Objective: After acute pancreatitis, individuals often have low-grade inflammation, and subsequently develop metabolic sequelae such as post-pancreatitis diabetes mellitus (PPDM). Although numerous studies have investigated the relationship between gout and type 2 diabetes, little is known about the relationship between gout and PPDM. The aim was to investigate the associations between gout and PPDM.

Methods: Using nationwide pharmaceutical dispensing data linked to hospital discharge data in New Zealand, gout and PPDM were identified among individuals after first episode of acute pancreatitis between January 1, 2007, and December 31, 2015. Multivariable Cox regression analyses were conducted, adjusting for age, sex, ethnicity, social deprivation index, alcohol consumption, tobacco smoking, comorbidities, medications (glucocorticoids, statins, and estrogens), and characteristics of acute pancreatitis.

Results: A total of 10,117 individuals were included in the analysis of risk for gout and 9471 in the analysis of risk for PPDM. PPDM was significantly associated with a higher risk of gout in the overall cohort (adjusted HR 1.88, 95% CI 1.15-3.06) and women (2.72, 95% CI 1.31-5.65), but not in men (1.42, 95% CI 0.73-2.78).
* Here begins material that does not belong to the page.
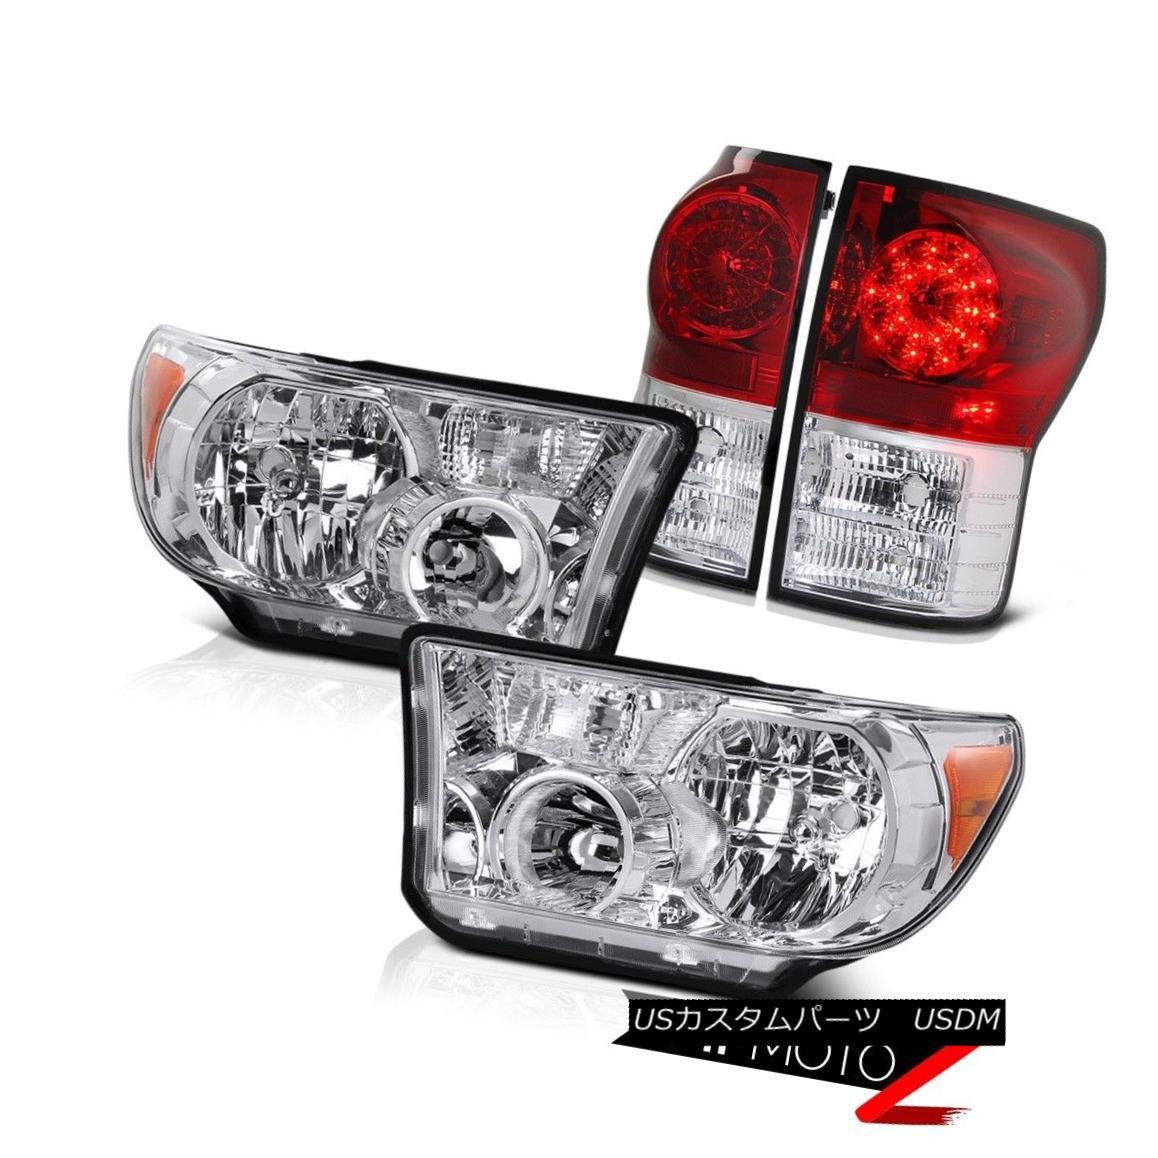 ヘッドライト 07-13 Tundra Truck Crystal Clear L+R Headlight Lamp+Factory Style LED Tail Light 07-13トンドラトラッククリスタルクリアL + Rヘッドライトランプ+ファクトリースタイルLEDテールライト

Preexisting gout was significantly associated with a higher risk of PPDM in the overall cohort (adjusted HR 1.58, 95% CI 1.04-2.41) and women (2.66, 95% CI 1.29-5.49), but not in men (1.31, 95% CI 0.78-2.20).

Conclusion: The relationship between gout and PPDM is bidirectional in the post-pancreatitis setting. A history of gout is a risk factor of PPDM, particularly in women.